Background Mitochondrial encephalomyopathy with lactic acidosis and stroke-like episode (MELAS) is a group of genetic diseases caused by mutations in mitochondrial DNA and nuclear DNA. The causative mutations of MELAS have drawn much attention, among them, mutations in mitochondrial tRNA genes possessing prominent status. However, the detailed molecular pathogenesis of these tRNA gene mutations remains unclear and there are very few effective therapies available to date.

Methods We performed muscle histochemistry, genetic analysis, molecular dynamic stimulation and measurement of oxygen consumption rate and respiratory chain complex activities to demonstrate the molecular pathomechanisms of m.5541C>T mutation. Moreover, we use cybrid cells to investigate the potential of taurine to rescue mitochondrial dysfunction caused by this mutation.

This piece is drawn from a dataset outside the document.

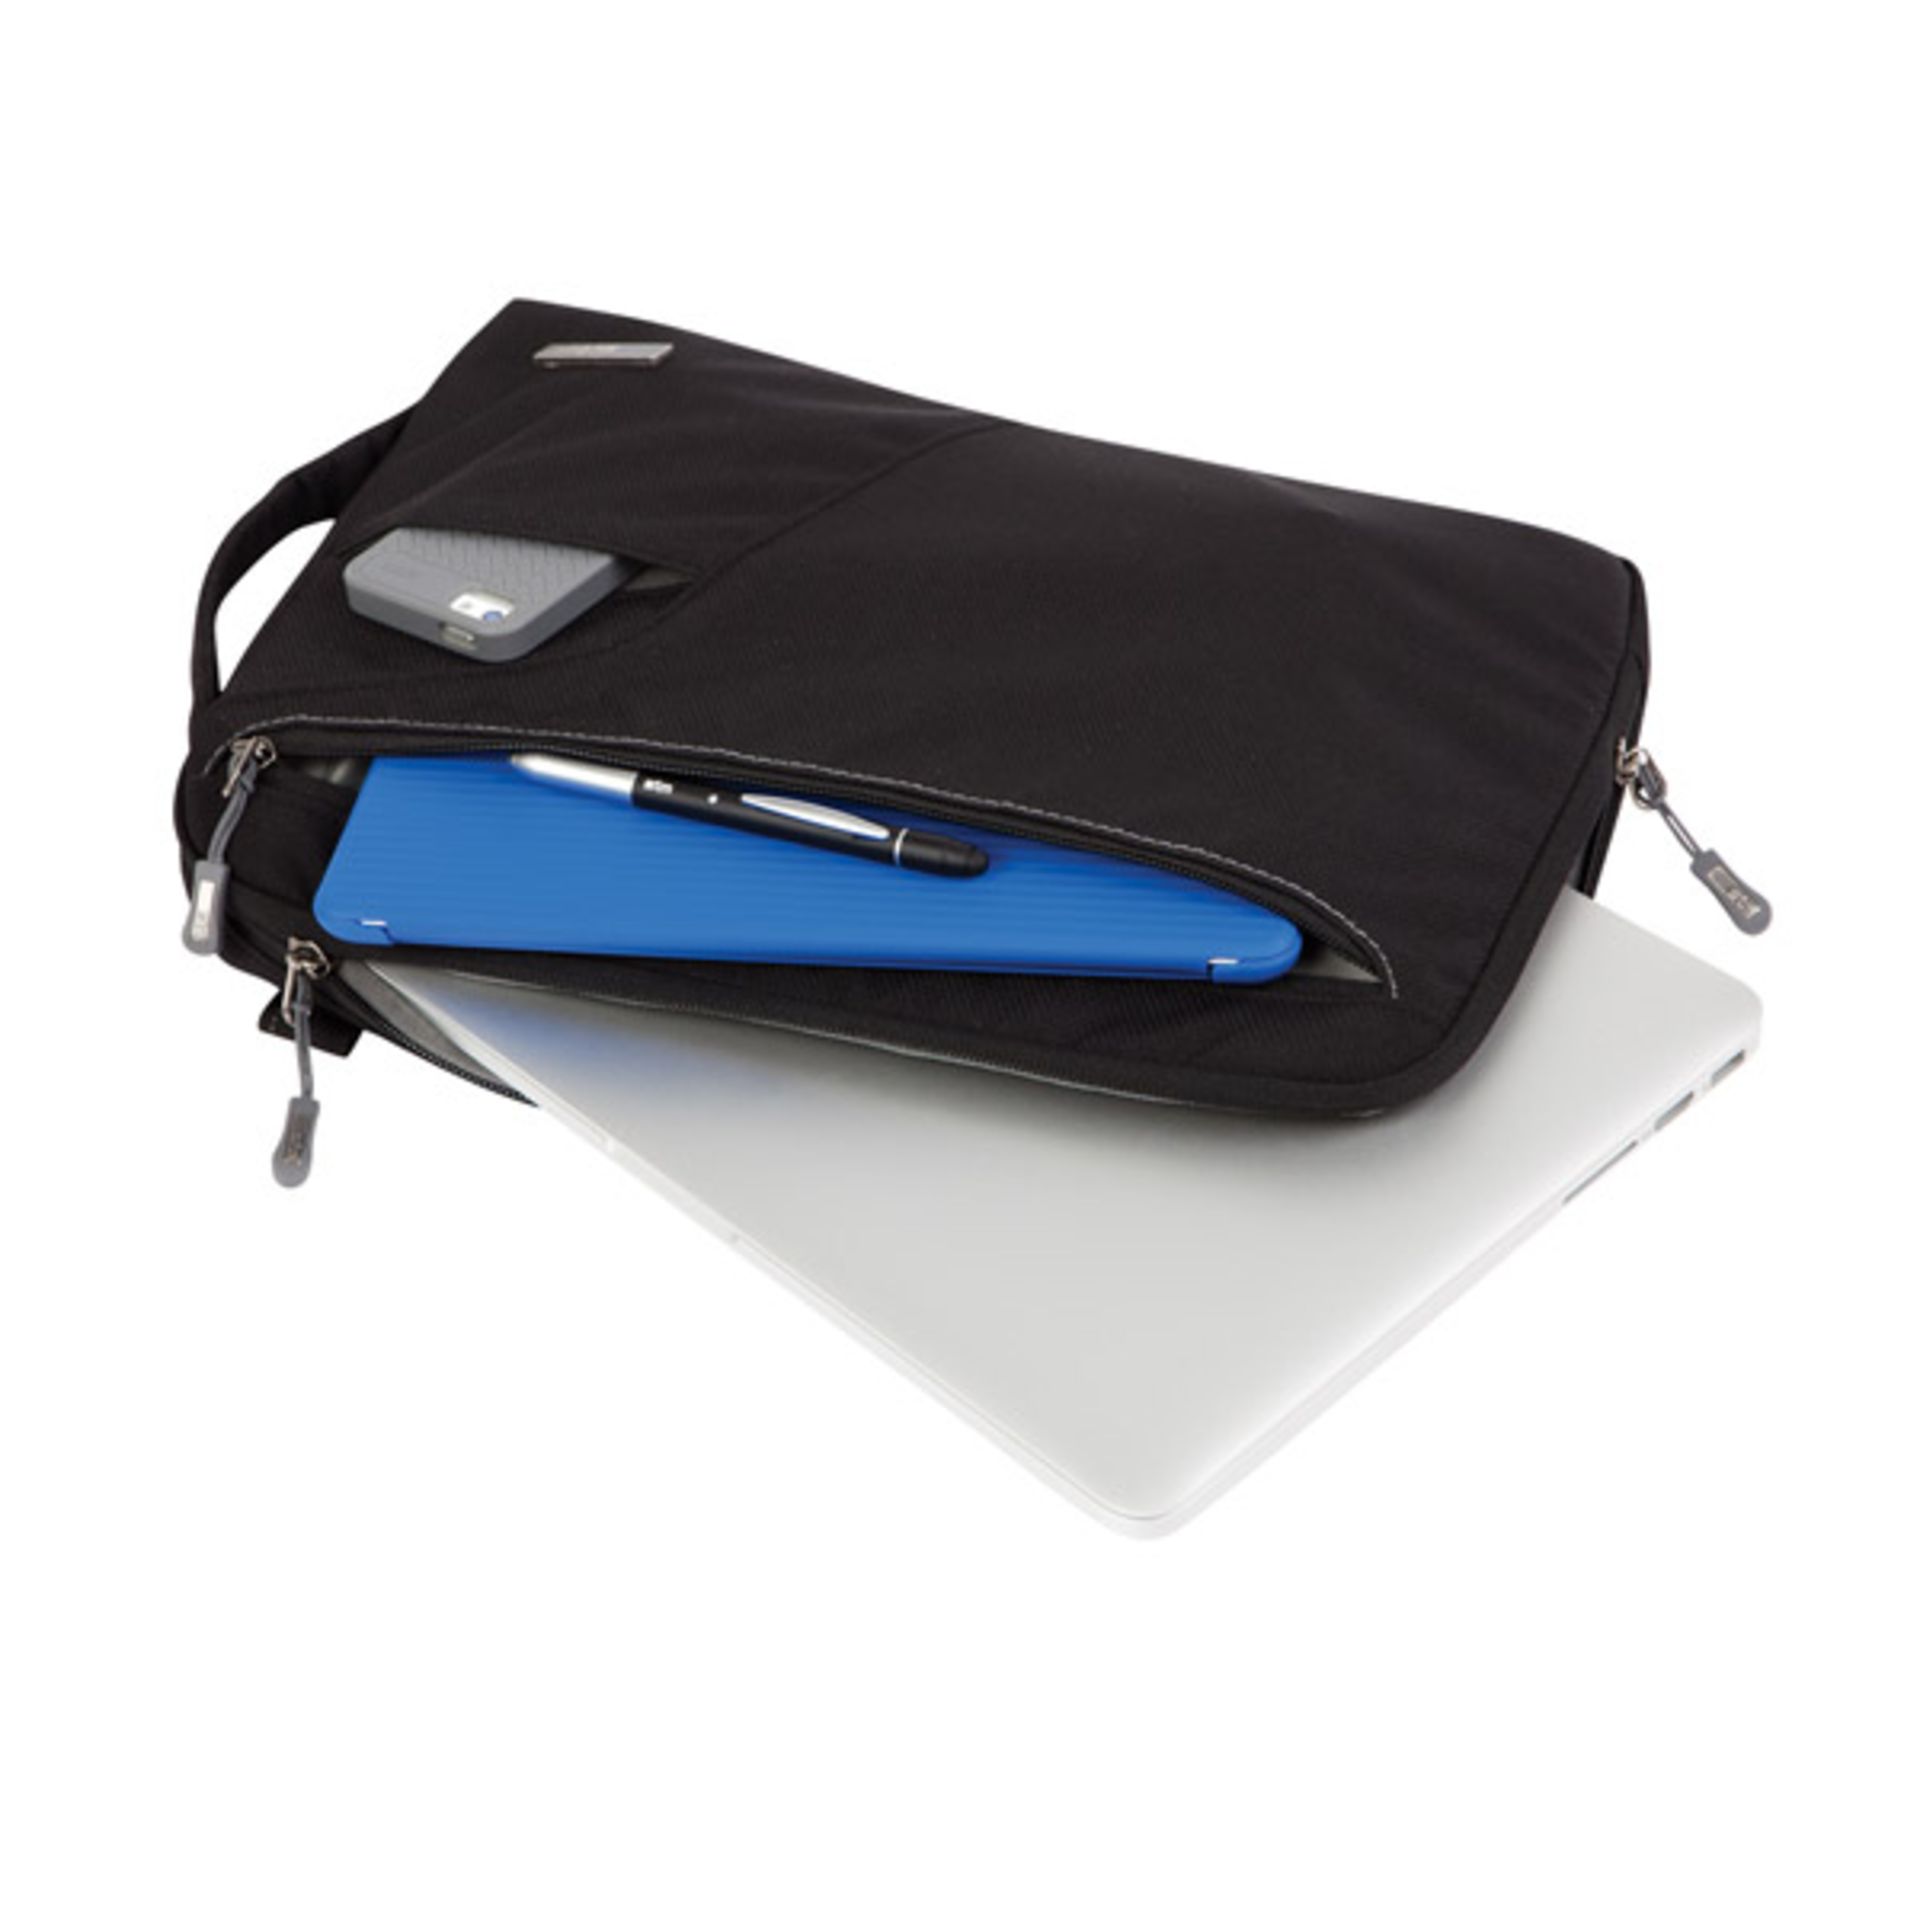 V Brand New STM Blazer Padded Sleeve - Bag For Laptops And Tablets 11" Black With Removable Shoulder - Image 2 of 2

Results We found a pathogenic m.5541C>T mutation in the tRNATrp gene in a large MELAS family. This mutation first affected the maturation and stability of tRNATrp and impaired mitochondrial respiratory chain complex activities, followed by remarkable mitochondrial dysfunction. Surprisingly, we identified that the supplementation of taurine almost completely restored mitochondrial tRNATrp levels and mitochondrial respiration deficiency at the in vitro cell level.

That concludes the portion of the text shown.